As he delivered an impassioned defense of new police powers to detain terror suspects without charge for up to three months, British Prime Minister Tony Blair’s performance last week was reminiscent of when he stood before Parliament to make the case for war in Iraq almost three years ago. But this time the result was just the opposite.
The House of Commons rejected the proposed anti-terror law by 322 votes to 291. 49 Labour MPs voted against the bill delivering a humiliating defeat for Blair, the first he has suffered in the Commons since he came to power in 1997.
Following the unprecedented defeat in the Commons, political analysts and the press immediately began talking about the beginning of the end for the prime minister. But Blair denied the vote was an issue of confidence and said it would in no way influence his determination to stay on until the end of his third term. But pressure from MPs of all sides is mounting on the prime minister and many analysts say it may hasten his departure from Downing Street.
“It is significant first major rebellion on a fundamental rights issue,” said Shami Chakrabarti, director of the civil rights group Liberty. “The prime minister underestimated the extent to which people regard their rights and freedoms. He’s gone way too far and in doing so, he’s woken people up to just how dangerous some of these policies are.”
The idea of greater detention powers came up in the wake of the July London bombings. Initially, the government said that the police requested an increase on the time that terror suspects can be held without charge from the current 14 days to 90 days. There are rumors that Labour MPs had pressured the police to press for greater detention powers. The Tories allege that MPs lobbied chief constables in the days preceding the crucial vote on the controversial bill. They have called for an independent inquiry into what they say amounts to “politicization of the police”.
During a heated debate in the House of Commons before the bill was defeated, David Davis, the shadow home secretary, said: “What is at stake here is the imprisonment without trial in the country that invented habeas corpus. This Bill would be counterproductive and ineffective.” He added that detention without charge for such an extended period could “wreck lives” and provoke public backlash.
Davis compared the government’s insistence on the 90-day case to the prime minister’s declarations in the run-up to the war in Iraq that Saddam Hussein possessed weapons of mass destruction. The claims that Blair made to take this country to the war continue to cast a long shadow over his credibility. Indeed, the controversial war in Iraq has taken a toll on the popularity of the prime minister’s and that of his party. Labour lead of 161 seats in the Commons shrank to a mere 66 in the general election earlier this year.

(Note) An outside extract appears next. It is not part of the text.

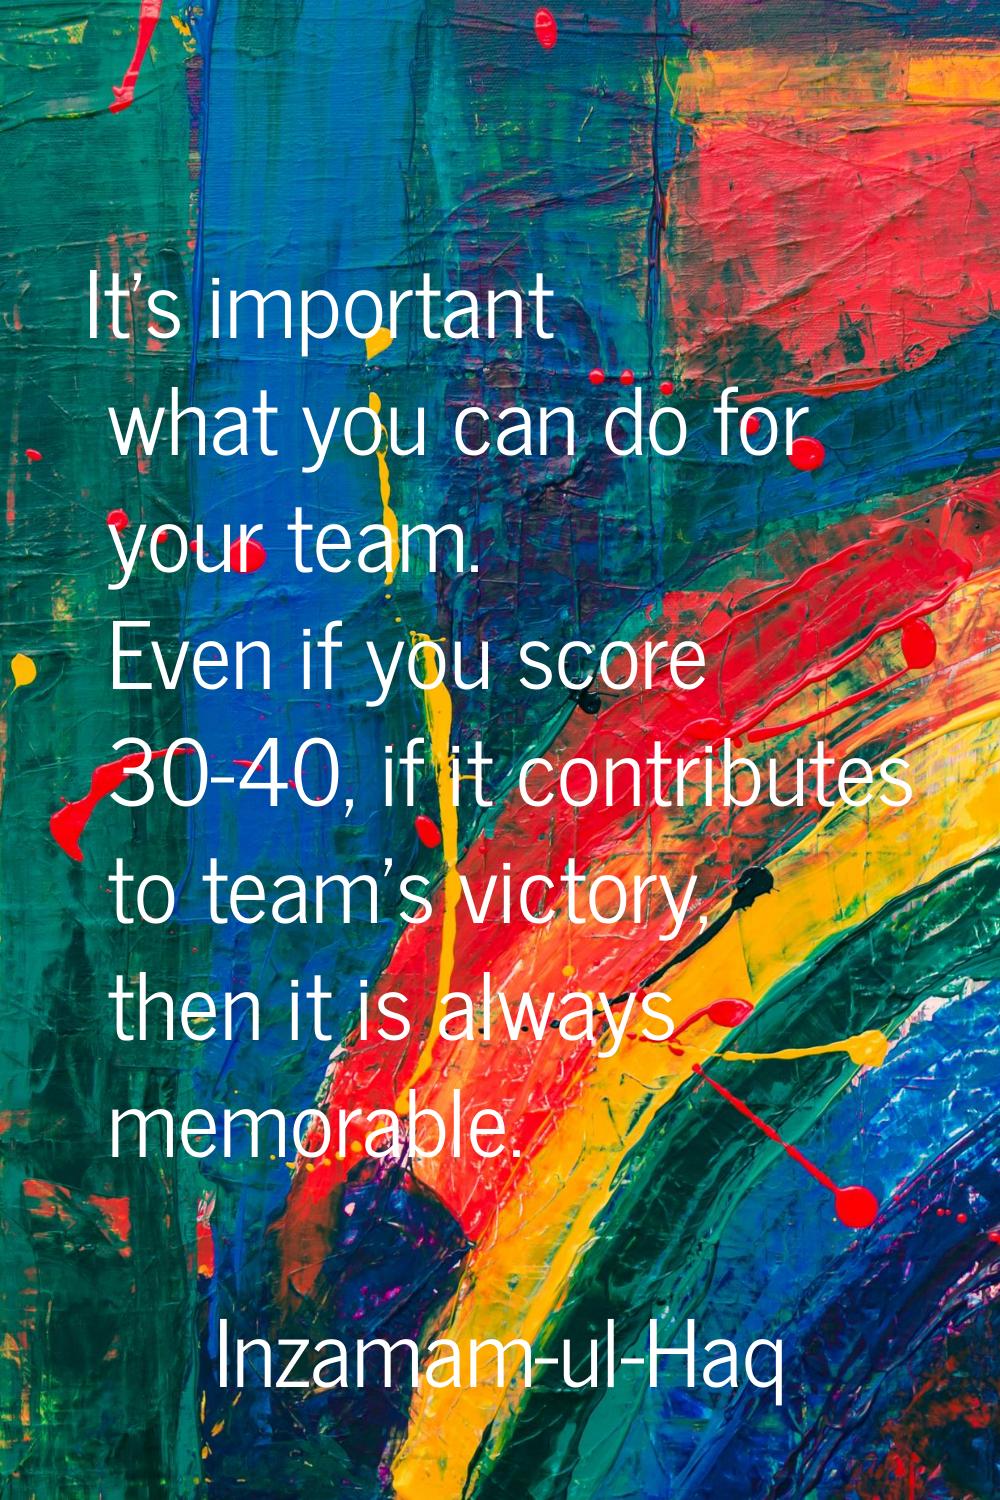 It's important what you can do for your team. Even if you score 30-40, if it contributes to team's

“Many people are euphoric about this (Commons defeat) because it is a blow to the prime minister, but, actually, 28 days is still a very long time to be detained without charge,” Chakrabarti said. She said holding people for an extended period of time without charging them leads to a deep sense of injustice that makes people arbitrarily detained natural recruits into extremist organizations once they are released. She added that the sweeping anti-terror legislation, which will disproportionately affect the Muslim community, has fractured the unity and solidarity generated in the aftermath of the London bombings. There are many who share her view.
“The handling of this issue has done damage to the fight against terrorism,” said John Denham, former Home Office minister and Labour chairman of the Commons Home Affairs Select committee. Many analysts say reaching out to and enlisting the support of the Muslim community is crucial for combating extremism effectively.
The defeat in the Commons was not the first time the government’s anti-terror measures ran into serious difficulties. In a knee-jerk reaction to the Sept. 11 terrorist attacks in the United States, the British government rushed through the Anti-Terrorism, Crime and Security Act in December 2001. The act allowed for the detention of foreign nationals suspected of having terrorism links for an unspecified and potentially indefinite period, without charge or trial. Subsequently, 17 men, most of them North African, were detained under the act. None was charged with any criminal offense. Britain’s highest court ruled last December that the UK was in breach of human rights law in its application of these anti-terrorism measures. In a virtual unanimity, with only one of nine judges dissenting, the British House of Lords, the supreme court of the land, ruled that the indefinite detention, without charge or trial, of foreign terror suspects was illegal.
Britain is the only EU country that has derogated from the European Convention on Human Rights on the basis of national security. Even Spain, which suffered deadly terror attacks in March 2004, did not deem it necessary to pass draconian laws to respond to the terrorist threat.
— Ms. Tamam Ahmed Jama is a Canadian journalist of Somali origin now working for an international newsmagazine based in London.